Prokop Bartosz, Gelens Lendert
Laboratory of Dynamics in Biological Systems, Department of Cellular and Molecular Medicine, KU Leuven, Herestraat 49, 3000 Leuven, Belgium.
iScience. 2024 Feb 23;27(4):109316. doi: 10.1016/j.isci.2024.109316. eCollection 2024 Apr 19.

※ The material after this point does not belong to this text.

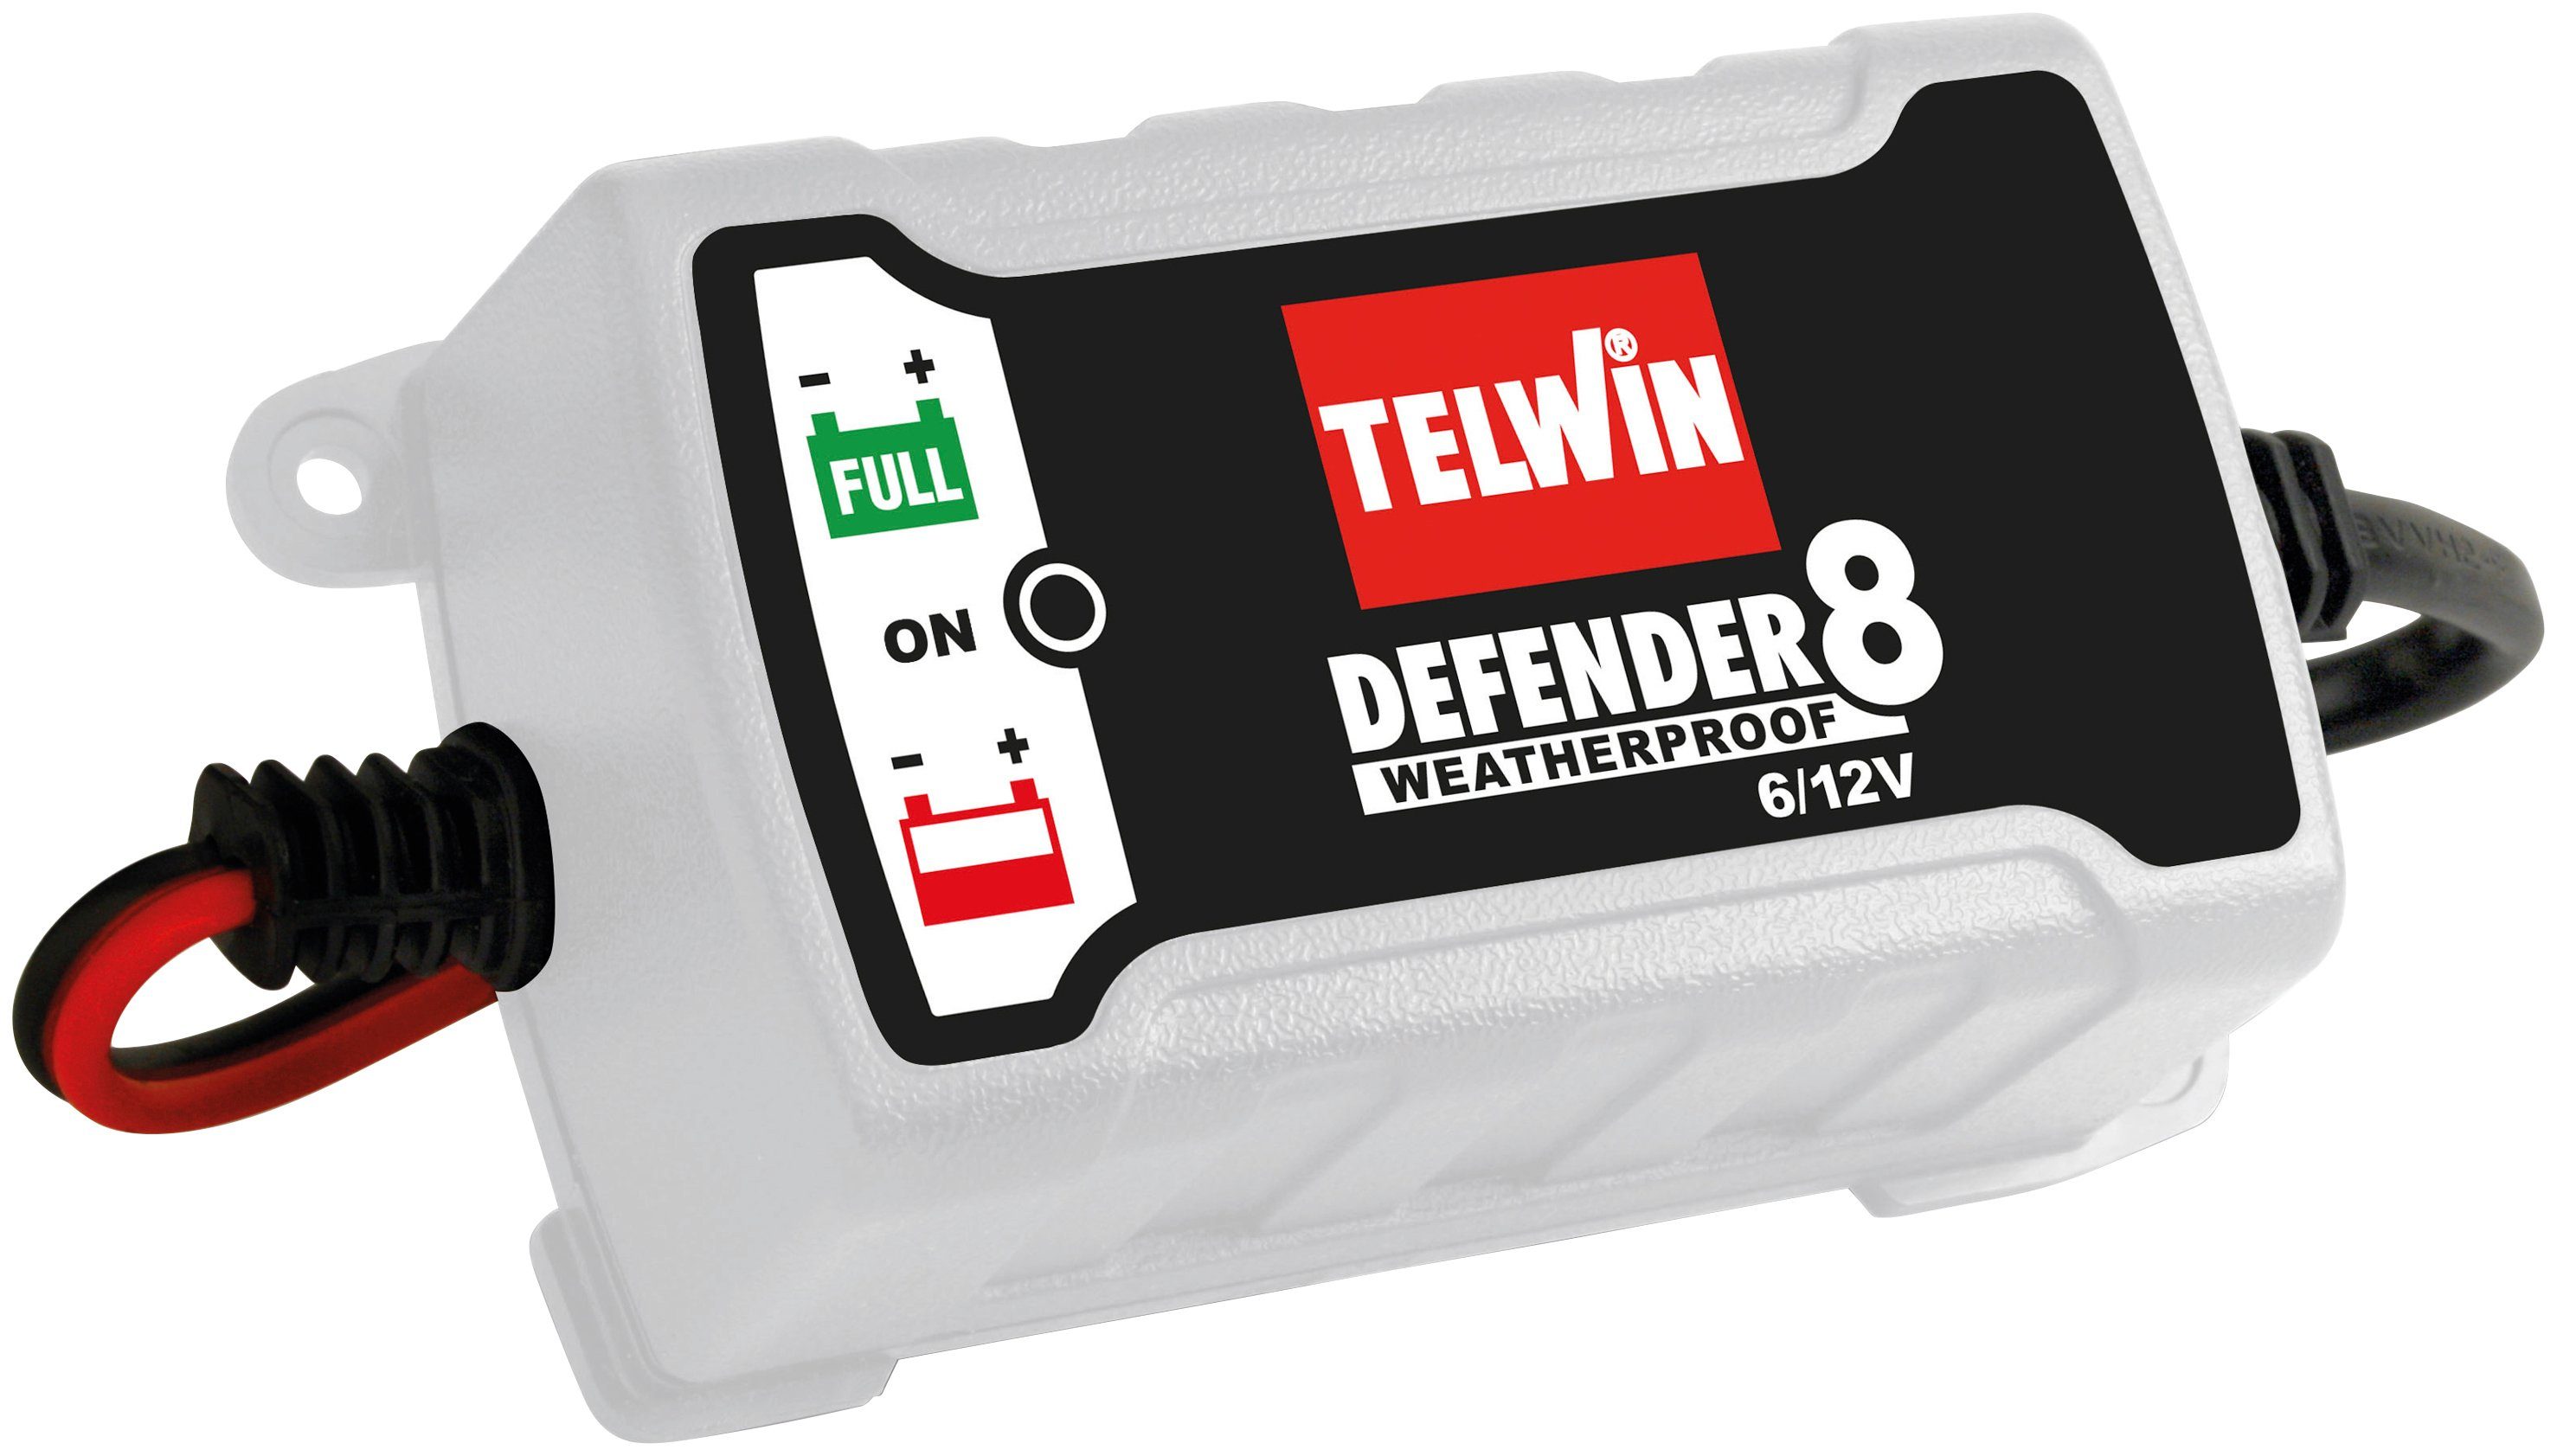 TELWIN DEFENDER 12 Autobatterie-Ladegerät (Spannung: A) 12V, 2/4 6V Ladestrom:

Periodic changes in the concentration or activity of different molecules regulate vital cellular processes such as cell division and circadian rhythms. Developing mathematical models is essential to better understand the mechanisms underlying these oscillations. Recent data-driven methods like SINDy have fundamentally changed model identification, yet their application to experimental biological data remains limited. This study investigates SINDy's constraints by directly applying it to biological oscillatory data. We identify insufficient resolution, noise, dimensionality, and limited prior knowledge as primary limitations. Using various generic oscillator models of different complexity and/or dimensionality, we systematically analyze these factors. We then propose a comprehensive guide for inferring models from biological data, addressing these challenges step by step. Our approach is validated using glycolytic oscillation data from yeast.
不同分子浓度或活性的周期性变化调节着诸如细胞分裂和昼夜节律等重要的细胞过程。建立数学模型对于更好地理解这些振荡背后的机制至关重要。像SINDy这样的最新数据驱动方法从根本上改变了模型识别,但它们在实验生物学数据中的应用仍然有限。本研究通过直接将SINDy应用于生物振荡数据来研究其局限性。我们确定分辨率不足、噪声、维度和先验知识有限是主要限制因素。使用不同复杂度和/或维度的各种通用振荡器模型,我们系统地分析了这些因素。然后,我们提出了一个从生物数据推断模型的综合指南,逐步应对这些挑战。我们的方法通过使用酵母糖酵解振荡数据进行了验证。